3) A défaut d’accord l’indice de remplacement sera déterminé par deux experts choisis d’un commun accord ou désignés d’office à la requête de la partie la plus diligente par Monsieur le Président du Tribunal de Grande Instance de LILLE (…) ».
Ces éléments permettent de considérer que le bail initialement conclu, puis prolongé par la volonté des parties, contenait une clause d’échelle mobile qui prévoyait un remplacement de l’indice initial par le nouvel indice, l’indice du coût de la construction n’ayant pas cessé d’être publié, mais les dispositions applicables de la loi du 18 juin 2014 s’imposant aux parties dès lors que les stipulations contractuelles prévoyaient son remplacement.
Dès lors, le nouvel indice devait se substituer de plein droit à l’ancien dans les conditions et selon le coefficient de raccordement publié au moment de sa tacite prolongation, le 3 décembre 2020, suivant reprise des conditions du bail initial le 20 janvier 2020, au moment de la cession du fonds de commerce.
En l’espèce, le commandement de payer délivré le 31 janvier 2024 ne comporte aucun décompte clair des sommes dues par la SARL Royal 62, ne faisant référence à aucun indice d’indexation du montant du loyer.
La société preneuse n’a pu comprendre le détail des sommes demandées, et comprendre l’application de l’indice du coût de la construction qu’à la lecture des conclusions de la SCI [Z] [F] dans le cadre de la présente instance, le tribunal observant que les sommes reprises en calcul des conclusions ne correspondent pas aux sommes requises dans le commandement de payer.
Dans ces conditions, il convient de prononcer la nullité du commandement de payer visant la clause résolutoire signifié à la SARL Royal 62 le 31 janvier 2024 et de le déclarer de nul effet.
Sur les dépens et les frais irrépétibles
La SCI [Z] [F], partie perdante à l’instance, sera condamnée aux dépens en application de l’article 696 du code de procédure civile, ainsi qu’à verser à la SARL Royal 62 une indemnité de 2.500 euros au titre des frais non compris dans les dépens, en application de l’article 700 du code de procédure civile.
Sur l’exécution provisoire
Il résulte des articles 514 et suivants du code de procédure civile que les décisions de première instance sont de droit exécutoires à titre provisoire à moins que la loi ou la décision rendue n’en dispose autrement.
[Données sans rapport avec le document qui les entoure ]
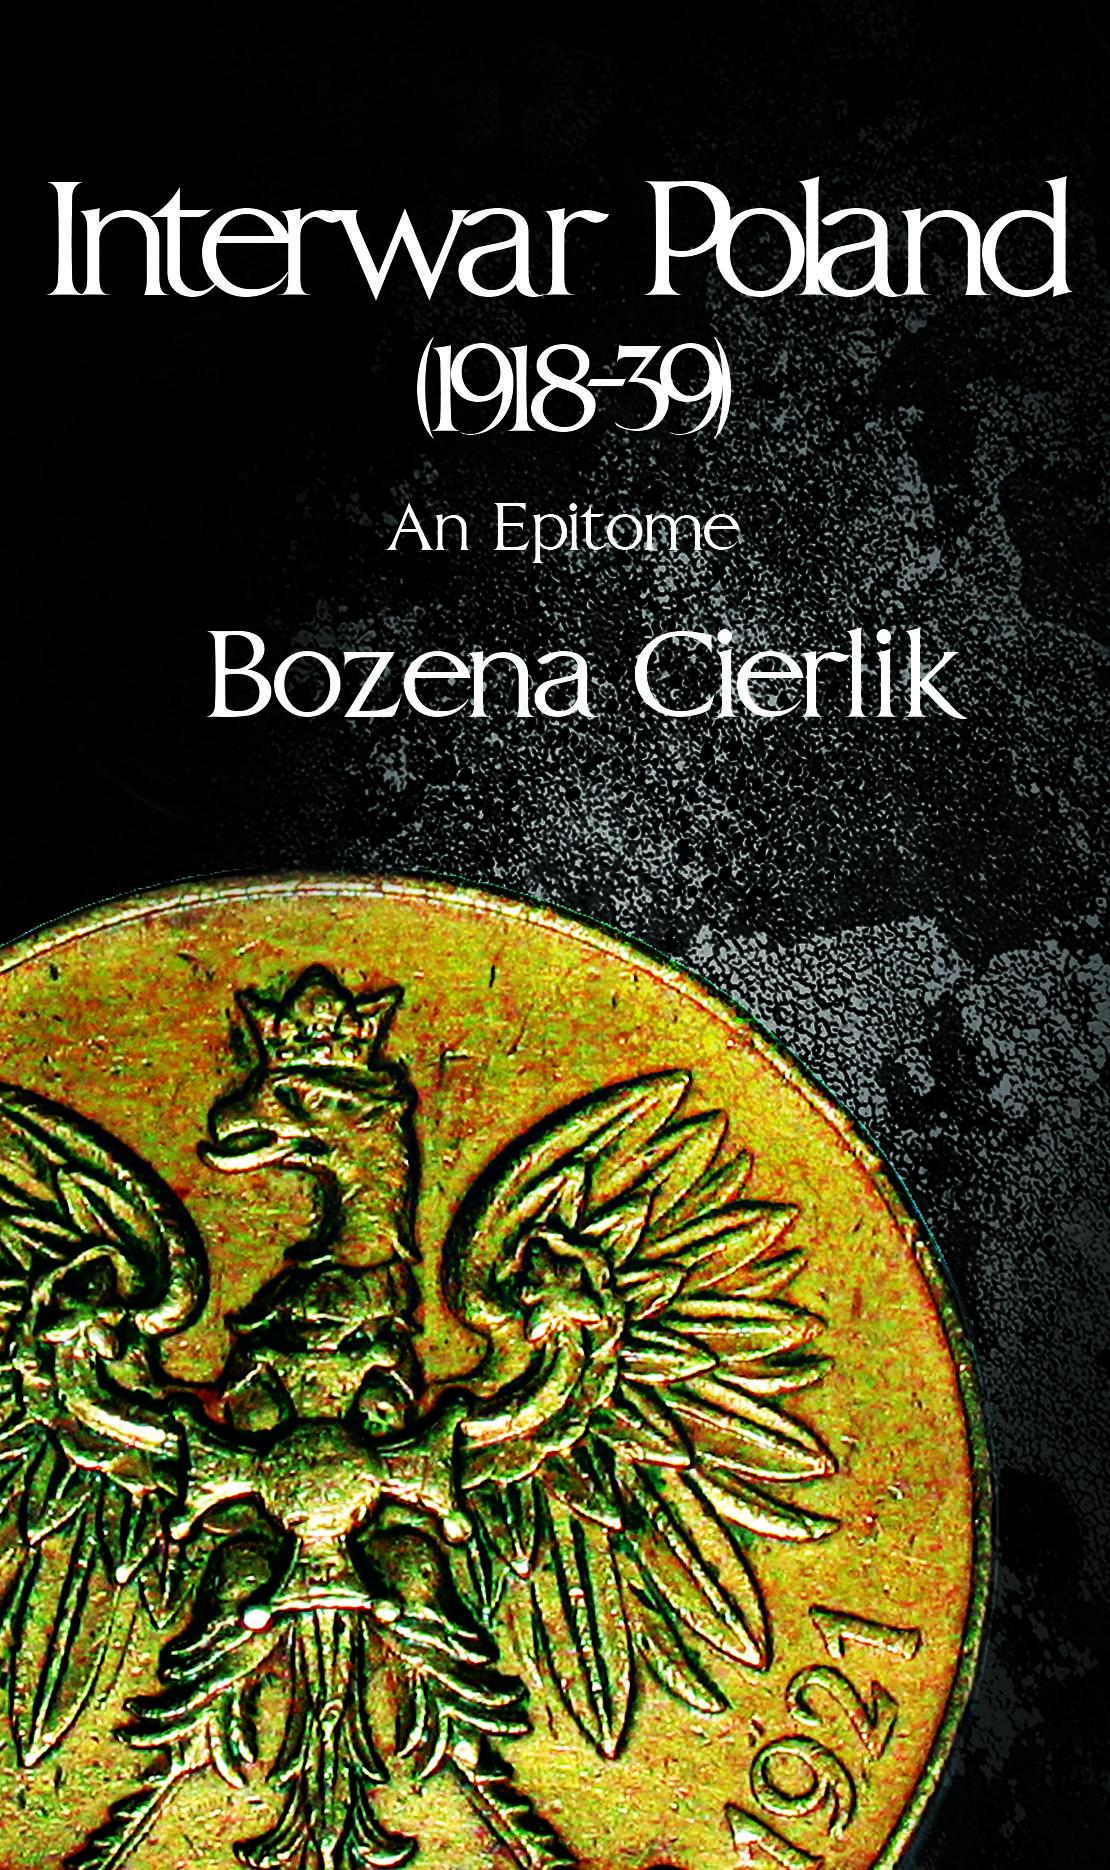 Interwar Poland (1918-39)

Le juge peut écarter l’exécution provisoire de droit, en tout ou partie, s’il estime qu’elle est incompatible avec la nature de l’affaire.
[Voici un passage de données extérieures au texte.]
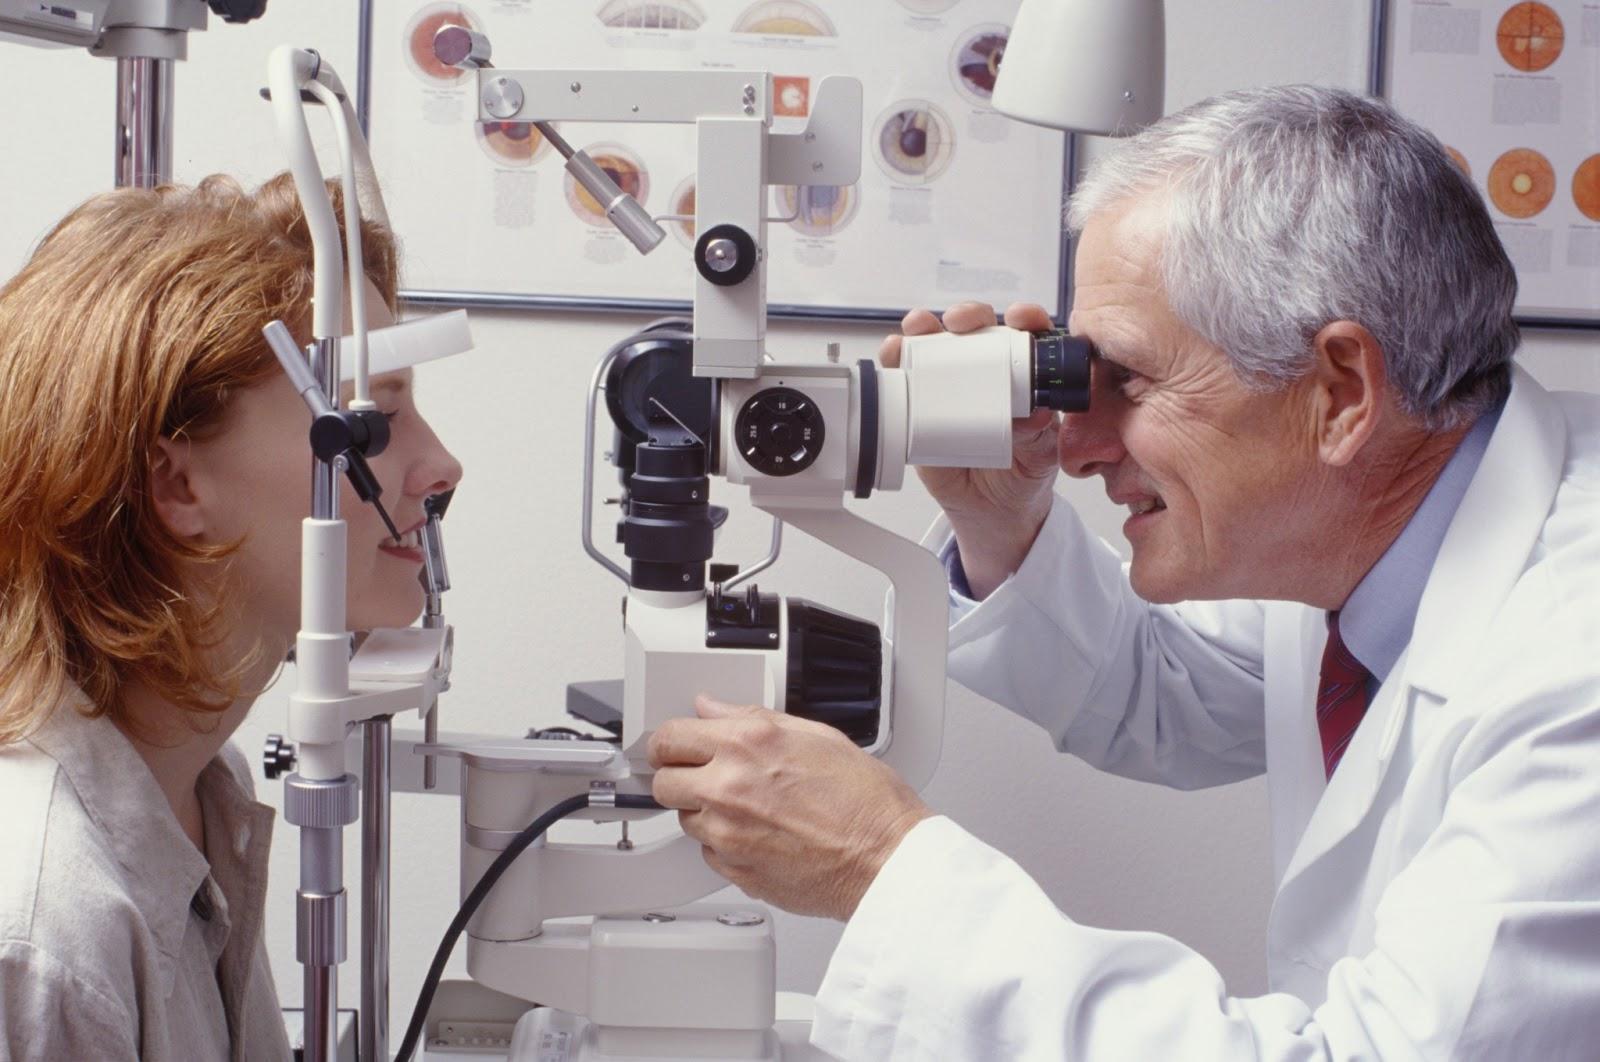 látásvesztés stroke után vö. a látás javítása érdekében

Aucun motif ne commande en l’espèce d’écarter l’exécution provisoire.
PAR CES MOTIFS
Le Tribunal, statuant après débats en audience publique, par jugement contradictoire, rendu par mise à disposition au greffe, en premier ressort,
PRONONCE la nullité du commandement de payer visant la clause résolutoire délivré le 31 janvier 2024 à la SARL Royal 62 ;
REJETTE les demandes plus amples et contraires ;
CONDAMNE la SCI [Z] [F] aux entiers dépens de l’instance ;
CONDAMNE la SCI [Z] [F] à payer à la SARL Royal 62 une somme de 2.500 euros au titre de l’article 700 du code de procédure civile ;
RAPPELLE que l’exécution provisoire est de droit et dit n’y avoir lieu de l’écarter.